Applying the flow A of the presented methodology to the LSTM network means that the pruning and quantization parameters are selected globally for the model, and then applied for each of the W, U, and b tensors. For example, when ‘hist_amount’ pruning method was used and pruning fraction

= 0.1

, it is

\approx 10 %

of each tensor that was pruned, and not some small fraction in one layer and much higher in another.

Flow B, on the other hand, was designed to realize something akin to that second scenario. Its objective was, in our case, finding the best pruning and quantization parameters for each of the W, U, and b tensors individually, potentially resulting in lower resources consumption (e.g., when some of the tensors can be more aggressively compressed than in flow A) or better quality (e.g., retaining the high precision representation where it is needed and dropping it elsewhere). For the two-layer network mentioned above, this means that instead of finding the single pruning fraction value, it needs to optimize eight of them; similarly for the quantization bits.
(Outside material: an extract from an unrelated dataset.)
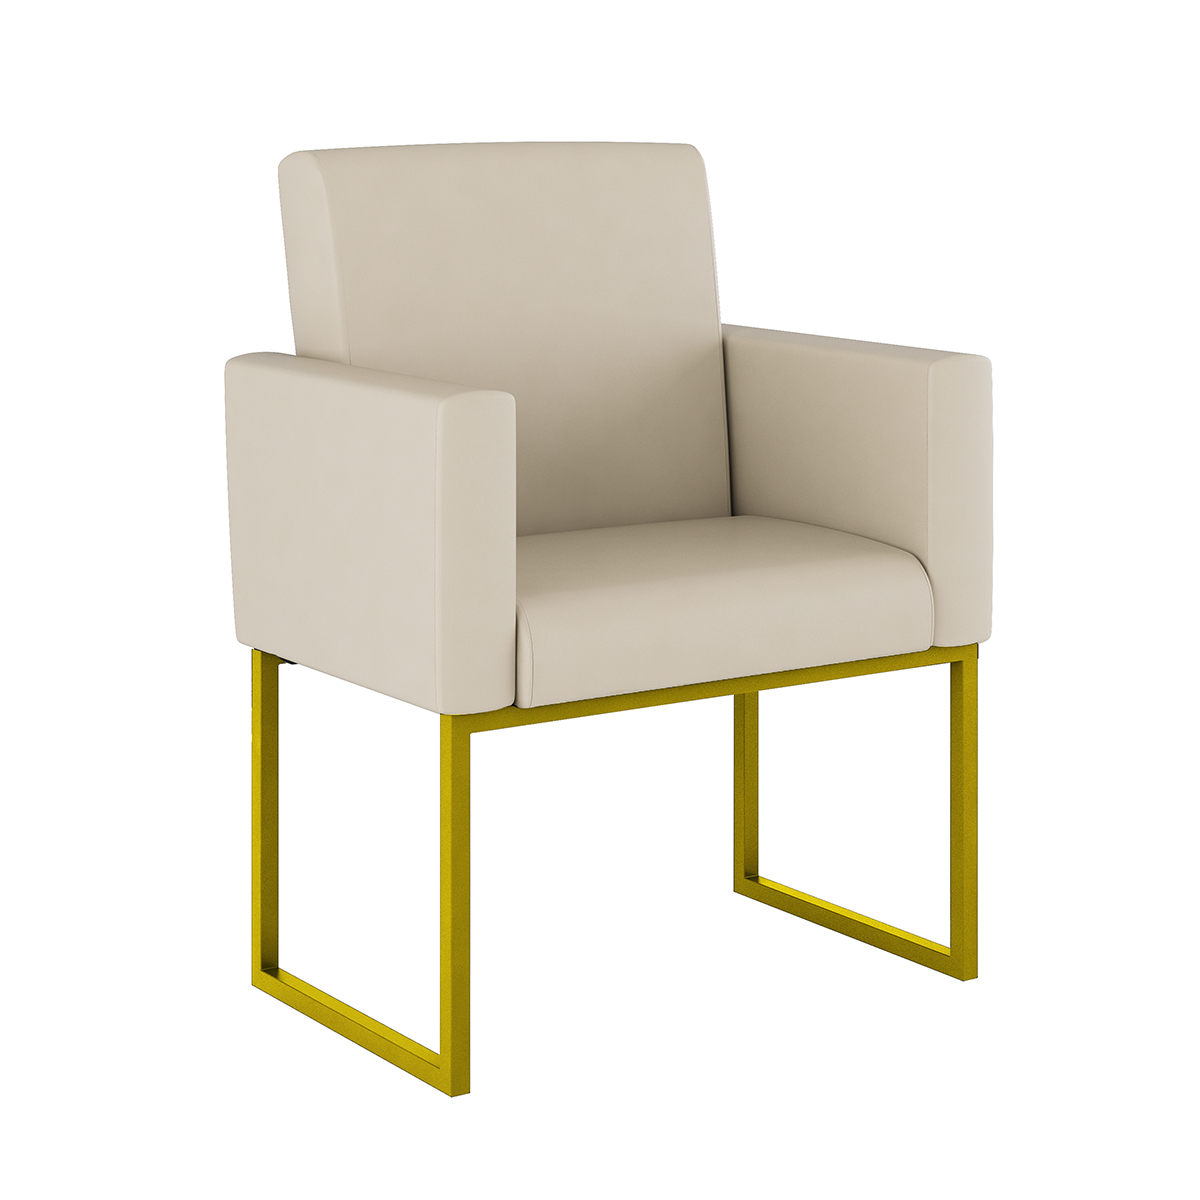 Poltrona Cadeira Decorativa Recepção Base de Ferro Dourada:courino Bege

2.4. Optimization Strategy—MO-CMA-ES

In this work, we deal with a range of relatively small number of parameters, but quite diverse. There were also several criteria (e.g., the sparsity of the model, model performance) which were simultaneously taken into account during the optimization process. This multiplicity makes it very challenging to define a single descriptive objective function. Lack of a well defined objective function or an inability to provide such may be prohibitive for using simple optimization methods or heuristics. Furthermore, the parameter space is non-convex and not differentiable; thus, the gradient-based optimization methods may not be employed. Utilization of naive grid or random search approaches does no lead to satisfactory results because those procedures do not account for a complex nature of the parameters space and do not improve in the process. Consequently, a very long examination time or a very dense grid of a parameters space would be required, which is prohibitive, especially for large models where the computing time of each instance is long.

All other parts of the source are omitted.